Novo Nordisk’s semaglutide (Wegovy) delivered impressive results against liver fibrosis and MASH (metabolic dysfunction-associated steatohepatitis) in a phase III trial, the company has reported. The trial showed a statistically significant and superior improvement in liver fibrosis with no worsening of steatohepatitis, as well as resolution of steatohepatitis with no worsening of liver fibrosis with semaglutide compared to placebo.
This piles on the stack of possible indications for the drug, which was just approved for cardiovascular disease prevention in those with obesity in March of this year.
“Wegovy is now the first weight loss medication to also be approved to help prevent life-threatening cardiovascular events in adults with cardiovascular disease and either obesity or overweight,” said John Sharretts, MD, director of the FDA’s Division of Diabetes, Lipid Disorders, and Obesity.
In addition to helping people with obesity lower blood sugar levels, lose weight, and prevent heart disease, Wegovy has also shown promise for lowering risk of kidney disease, combating substance abuse, treating dementia, pancreatitis, and more.
However, a MASH approval could be significant for a drug that already has a market value of $112.5 million.
“Among people with overweight or obesity, one in three live with MASH. This has a serious impact on their health and represents a significant unmet need,” Martin Holst Lange, MD, PhD, executive vice president and head of development at Novo Nordisk.
These results were from part one of the ongoing ESSENCE trial, a pivotal phase III, 240-week, trial in 1,200 adults with MASH and moderate to advanced liver fibrosis (stage 2 or 3). This trial evaluated the effect of once-weekly semaglutide 2.4 mg on liver tissue (histology) compared to placebo on top of standard of care for the first 800 randomized people at 72 weeks.
The trial achieved its primary endpoints by demonstrating a statistically significant and superior improvement in liver fibrosis with no worsening of steatohepatitis, as well as resolution of steatohepatitis with no worsening of liver fibrosis with semaglutide 2.4 mg compared to placebo. Semaglutide 2.4 mg appeared to have a safe and well-tolerated profile in line with previous trials.
“We are very pleased about the ESSENCE clinical trial results and the potential of semaglutide to help people living with MASH,” said Holst Lange.

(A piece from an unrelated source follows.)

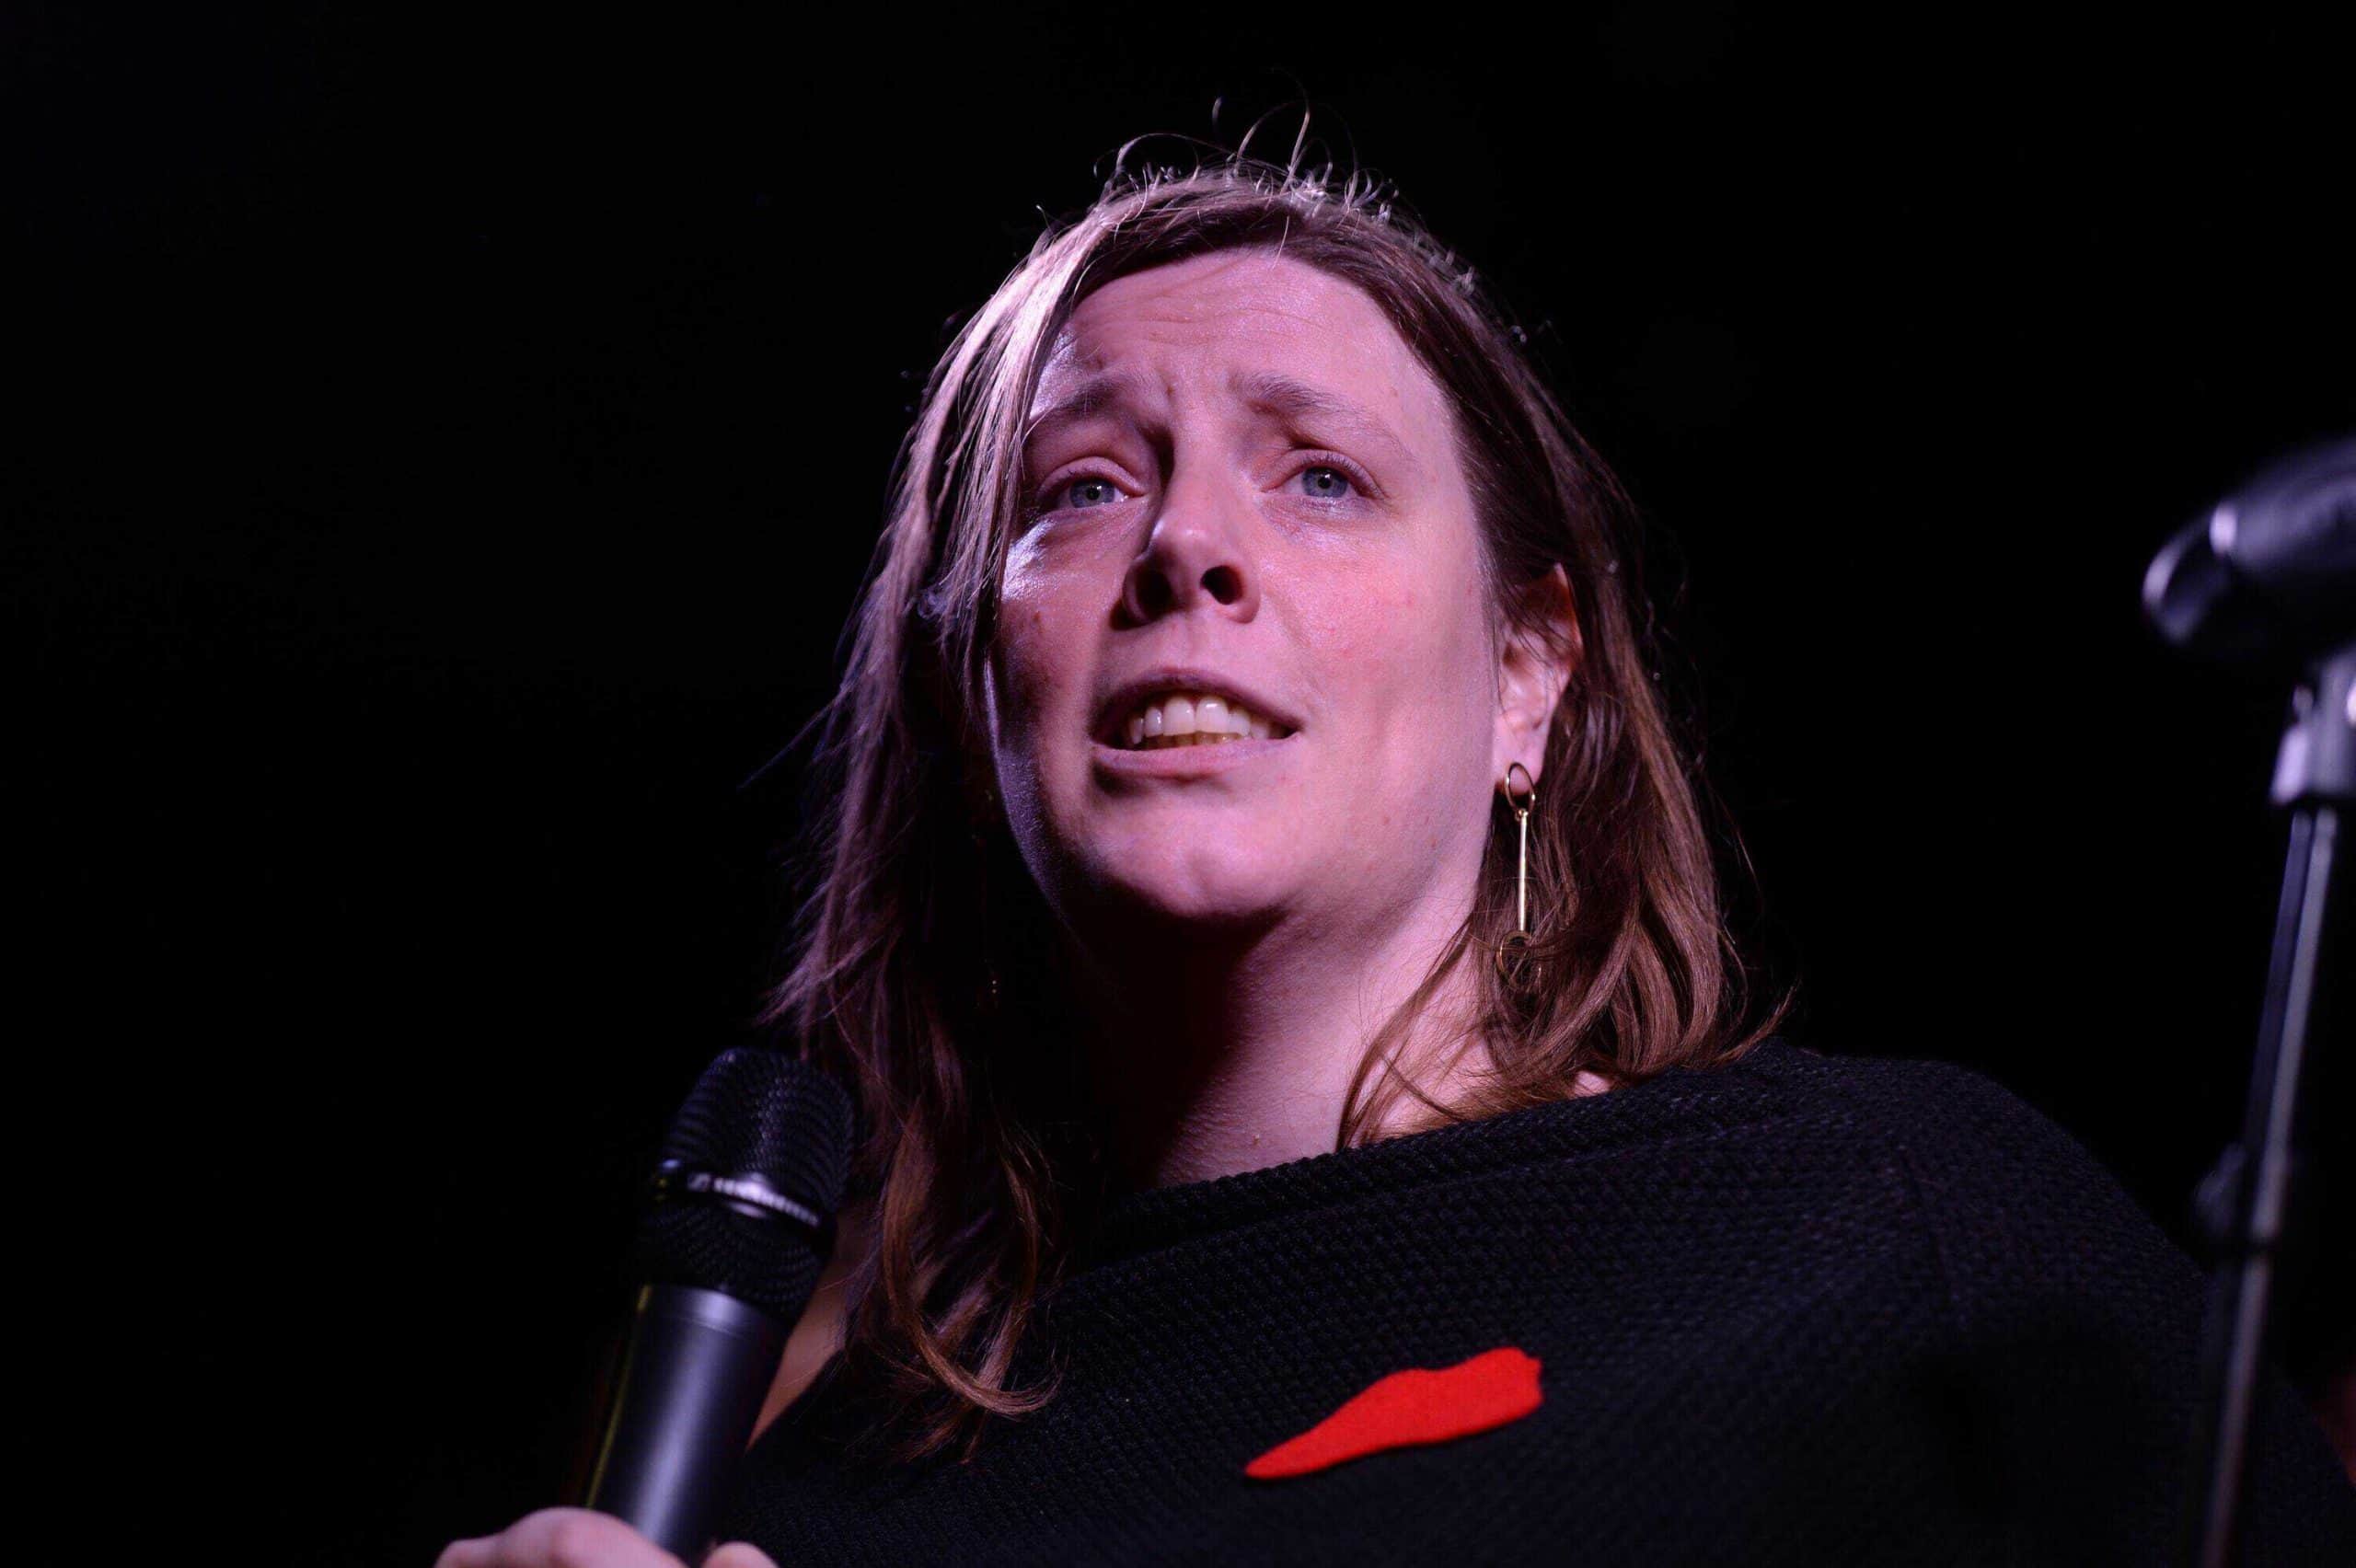 Labour’s Jess Phillips says man arrested at her constituency office

Novo Nordisk says it expects to file for regulatory approvals in the U.S. and EU in the first half of 2025. The detailed results from ESSENCE will be presented at a scientific conference in 2024. Part two of the ESSENCE trial will continue with expected readout in 2029.
More than 250 million people live with MASH and the number of individuals in advanced stages of the disease is expected to double by 2030. Of those who are currently overweight or living with obesity, more than one in three are also living with MASH. People living with MASH often experience few or no specific symptoms in the early stages of the disease, which often results in delayed diagnosis. The risk of progression to advanced liver disease, including liver cancer, is higher in people living with MASH than in the general population.